Problem statement -
Include the line containing "voitures-de-sports-qui-auront-25-ans-aujourd-hui-1269-39.jpg" and every line after it up to the end of the material below; reproduce them exactly and drop the pictures.
○ ○ ○
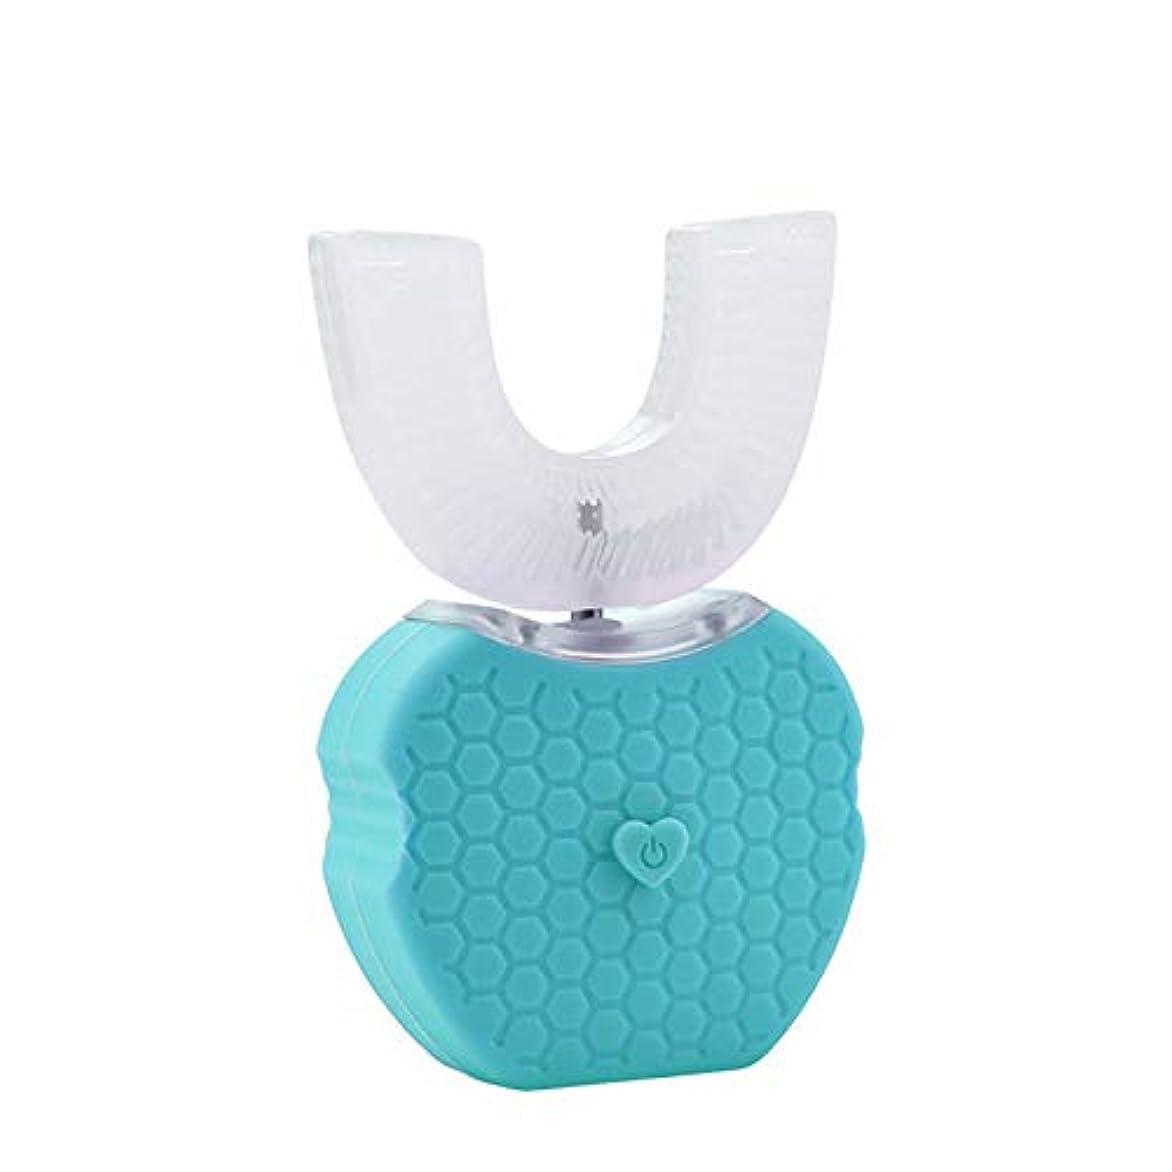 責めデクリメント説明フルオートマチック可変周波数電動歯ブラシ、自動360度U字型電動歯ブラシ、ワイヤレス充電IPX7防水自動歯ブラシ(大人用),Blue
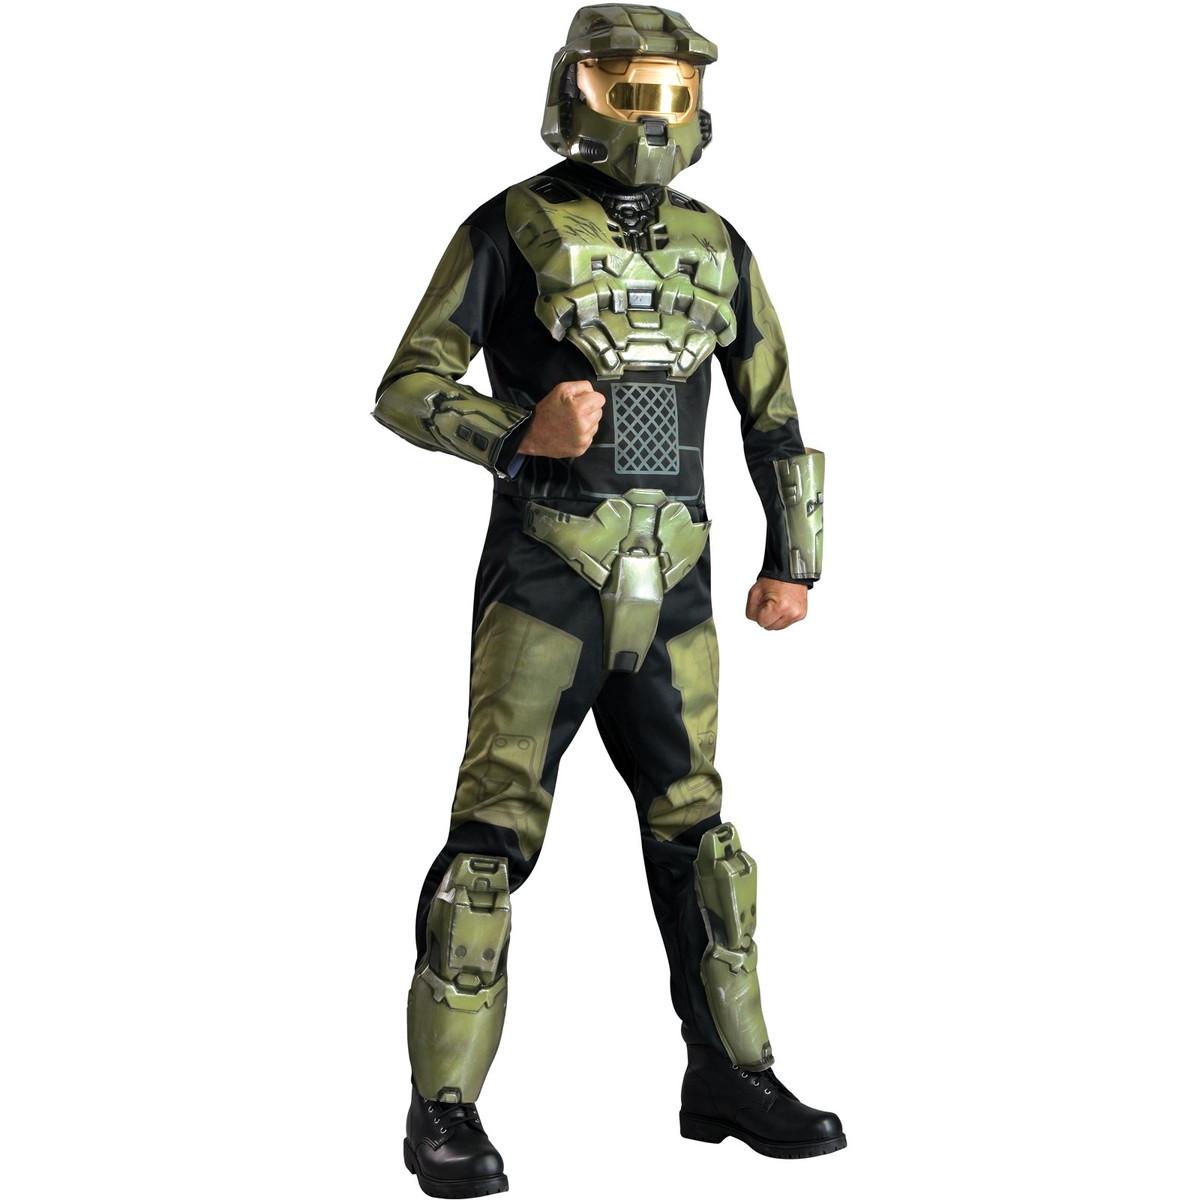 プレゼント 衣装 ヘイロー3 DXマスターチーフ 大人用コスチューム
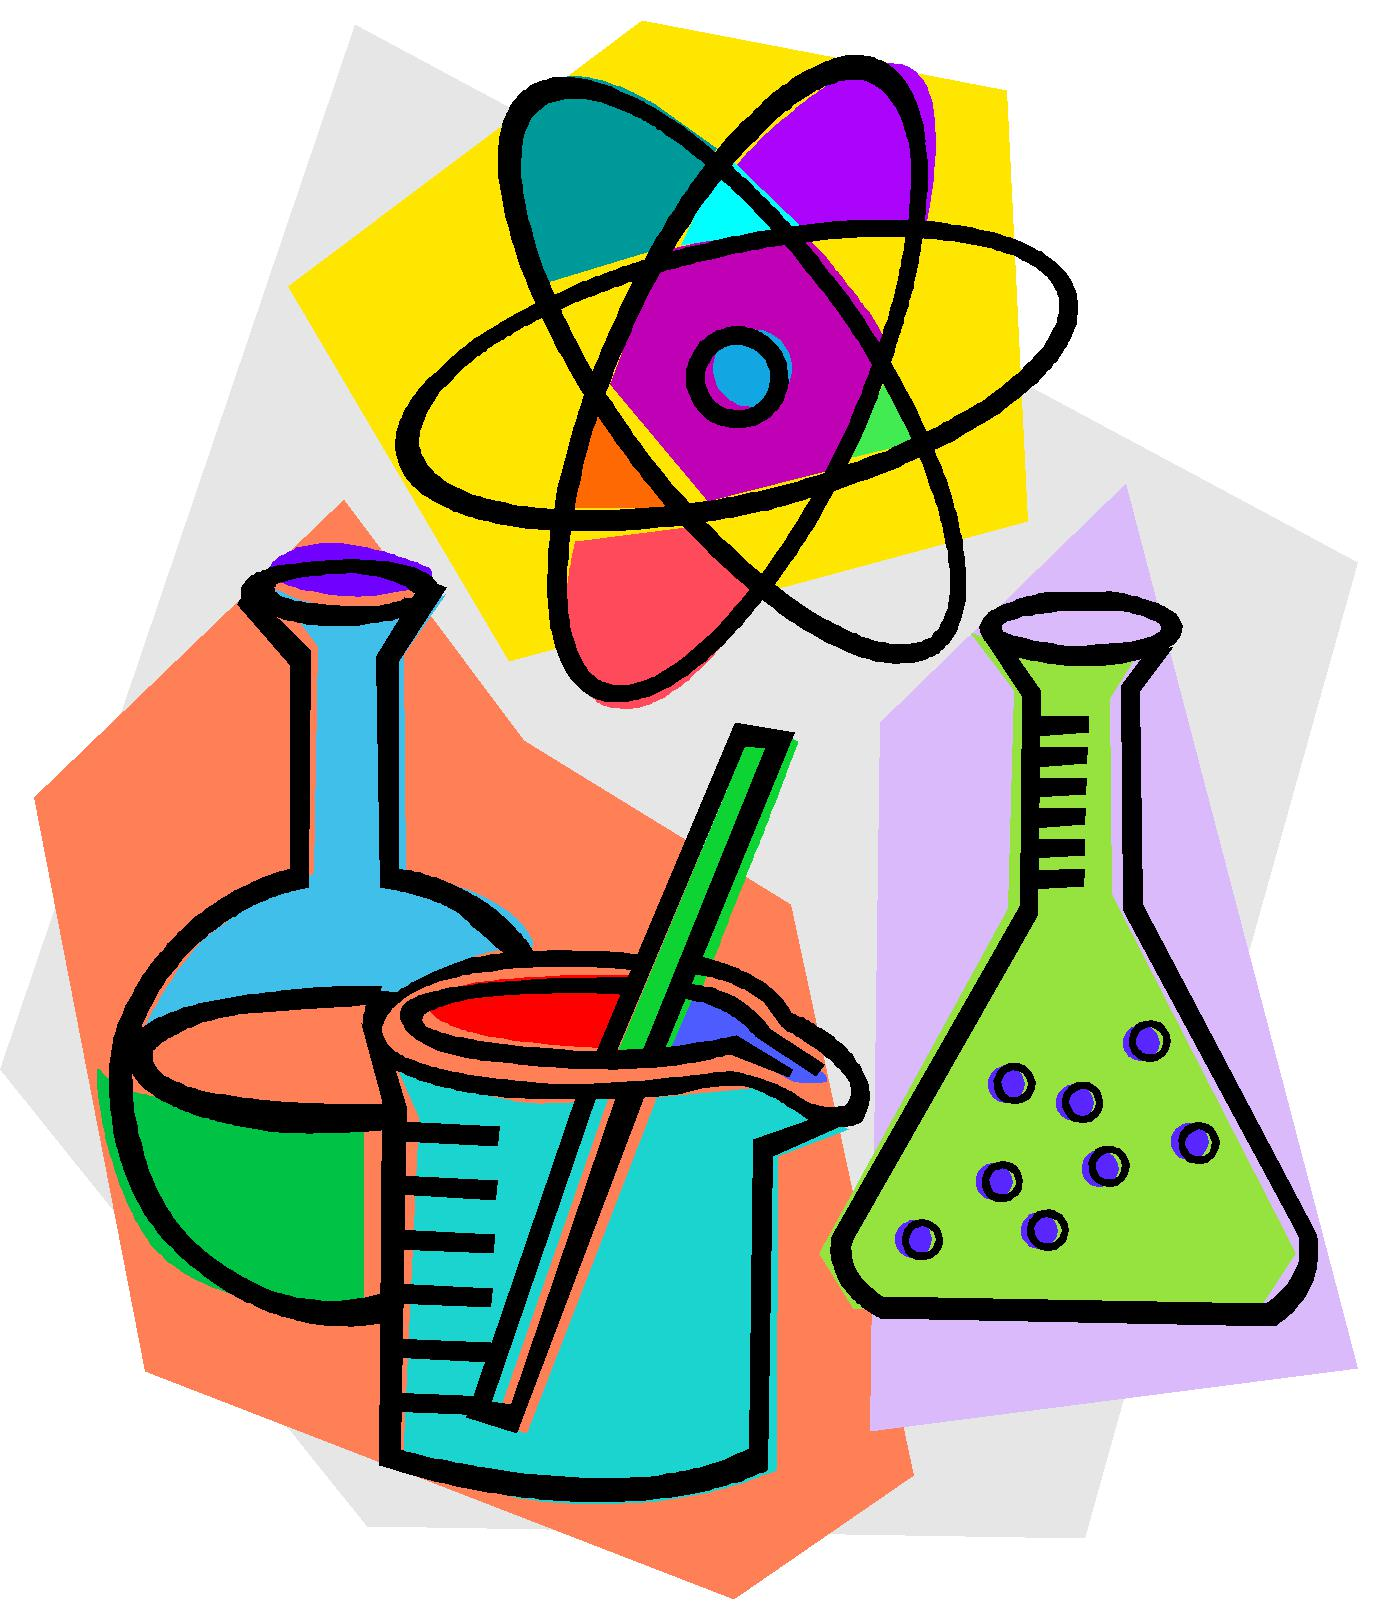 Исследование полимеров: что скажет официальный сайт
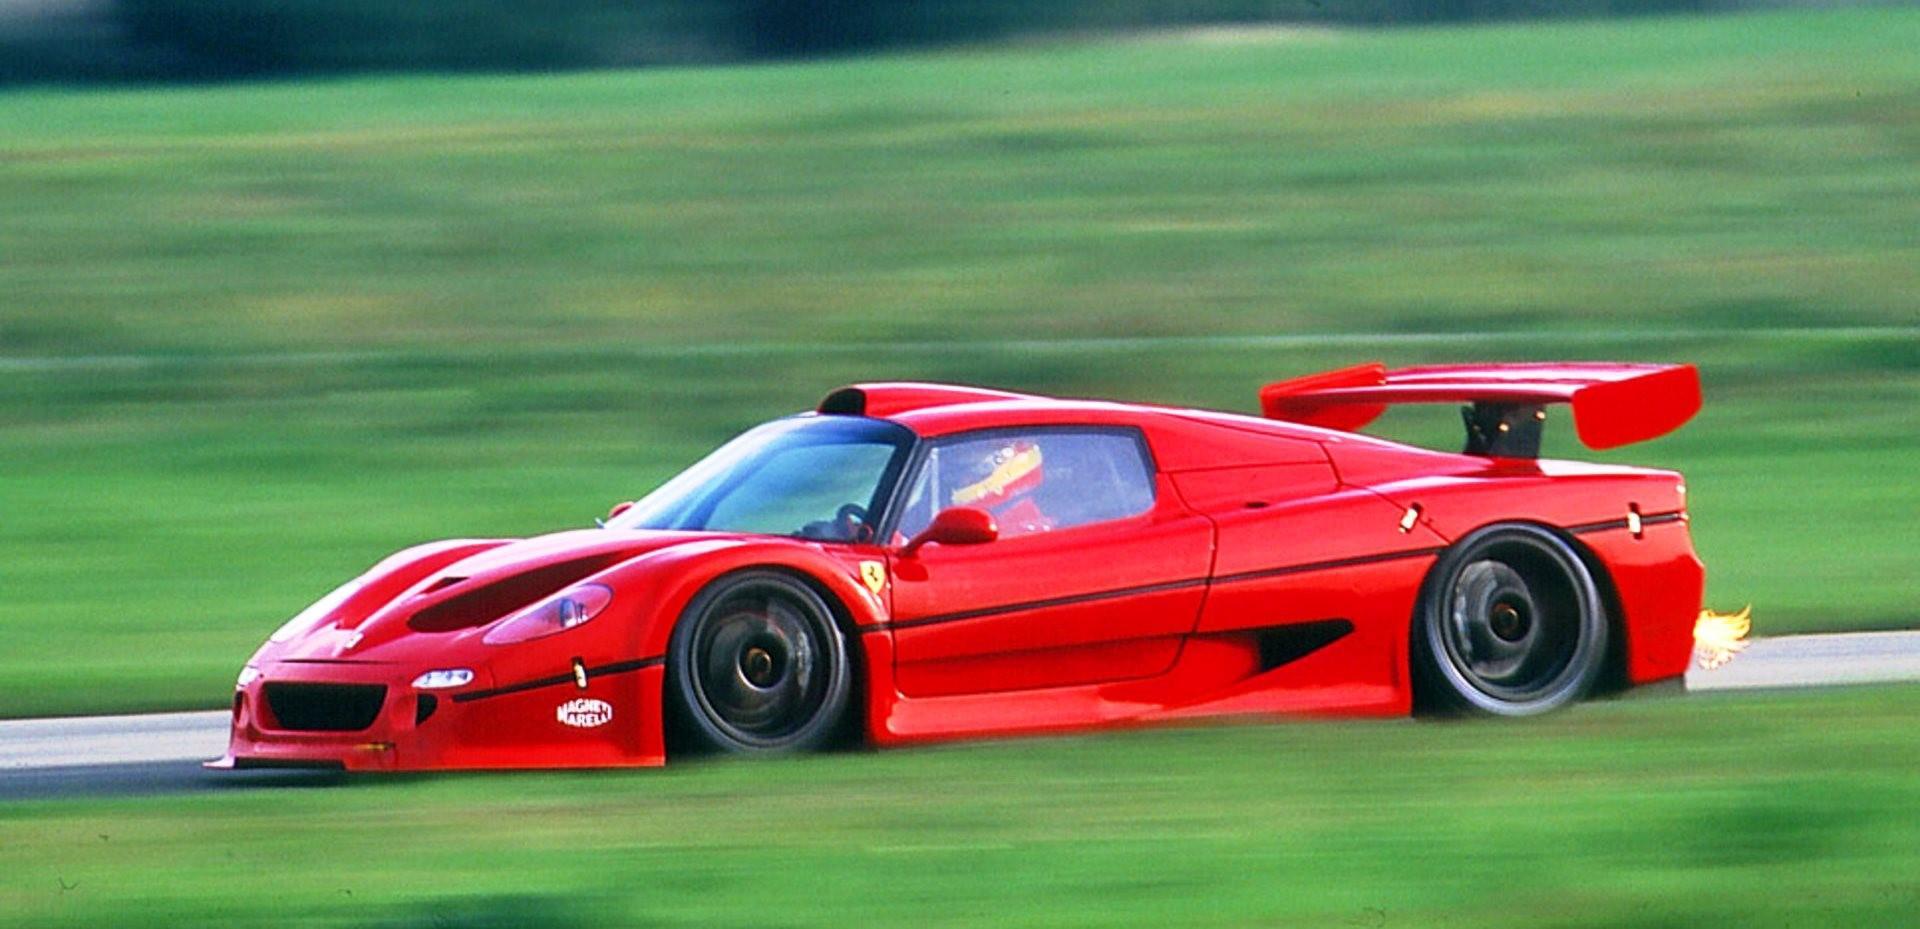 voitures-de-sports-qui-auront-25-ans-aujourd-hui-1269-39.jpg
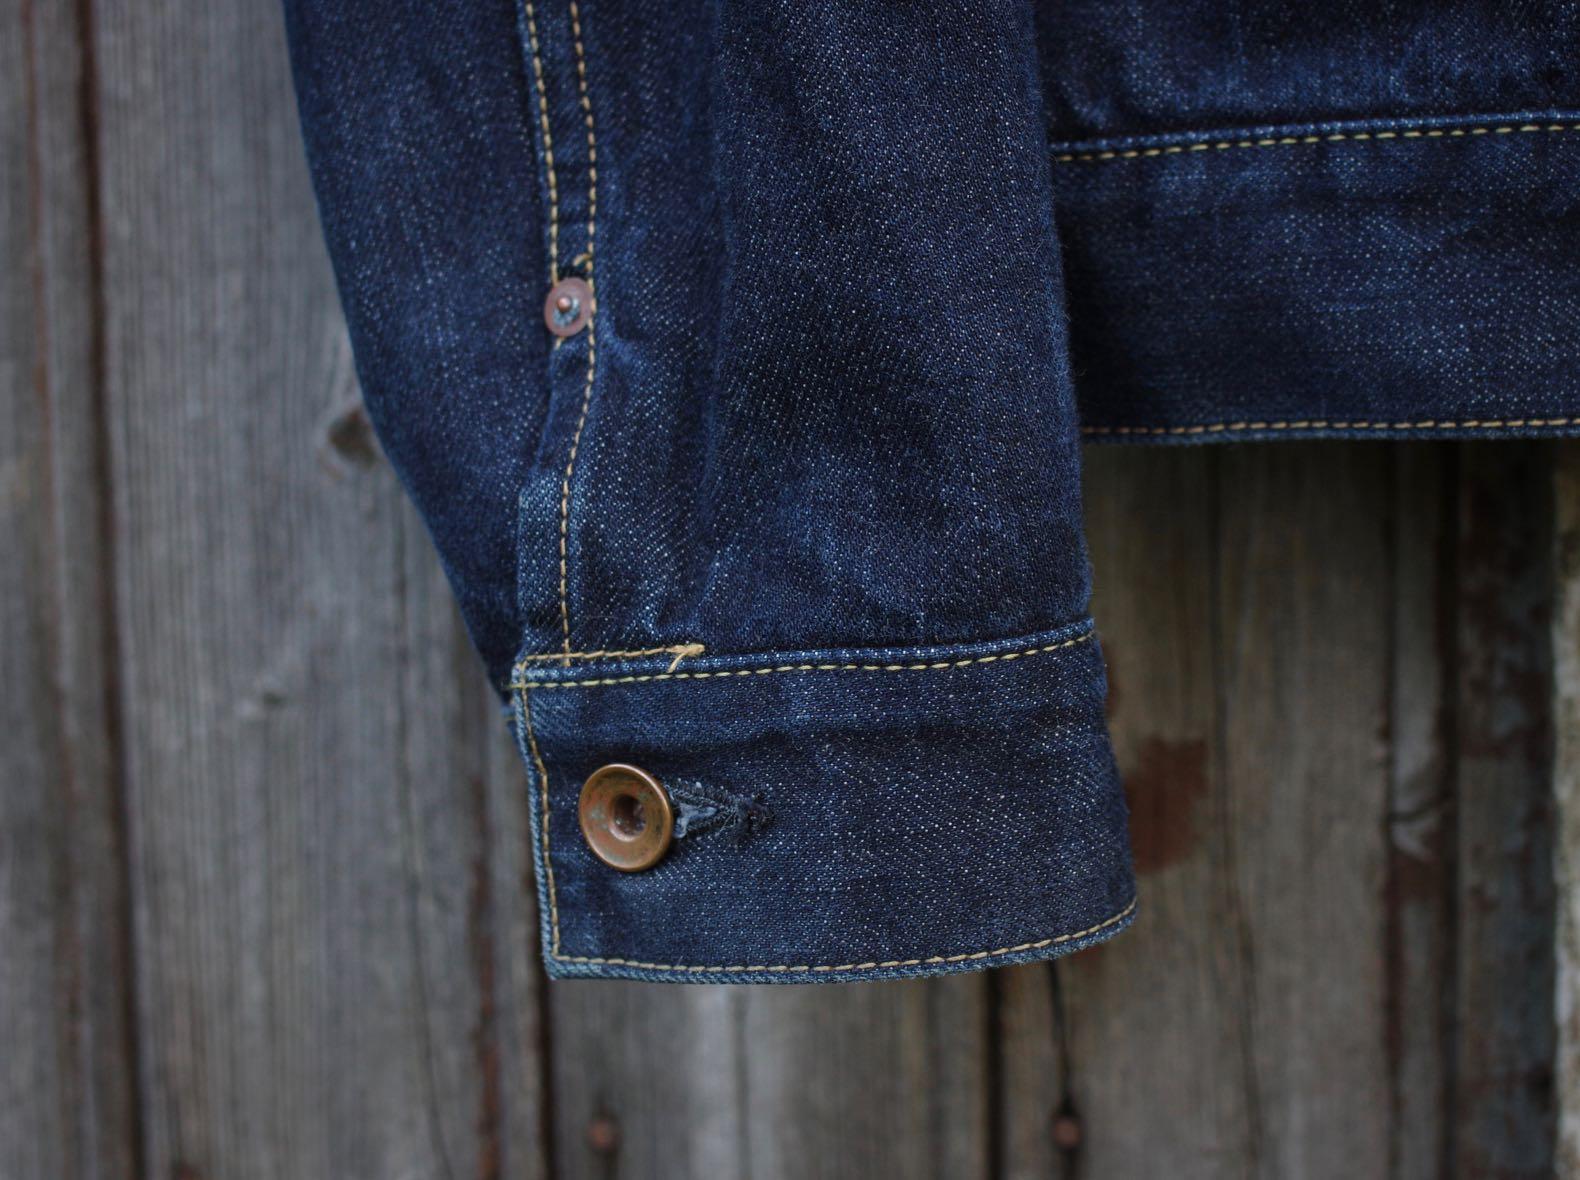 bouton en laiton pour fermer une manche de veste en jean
○ ○ ○
Expected output -
 voitures-de-sports-qui-auront-25-ans-aujourd-hui-1269-39.jpg
 bouton en laiton pour fermer une manche de veste en jean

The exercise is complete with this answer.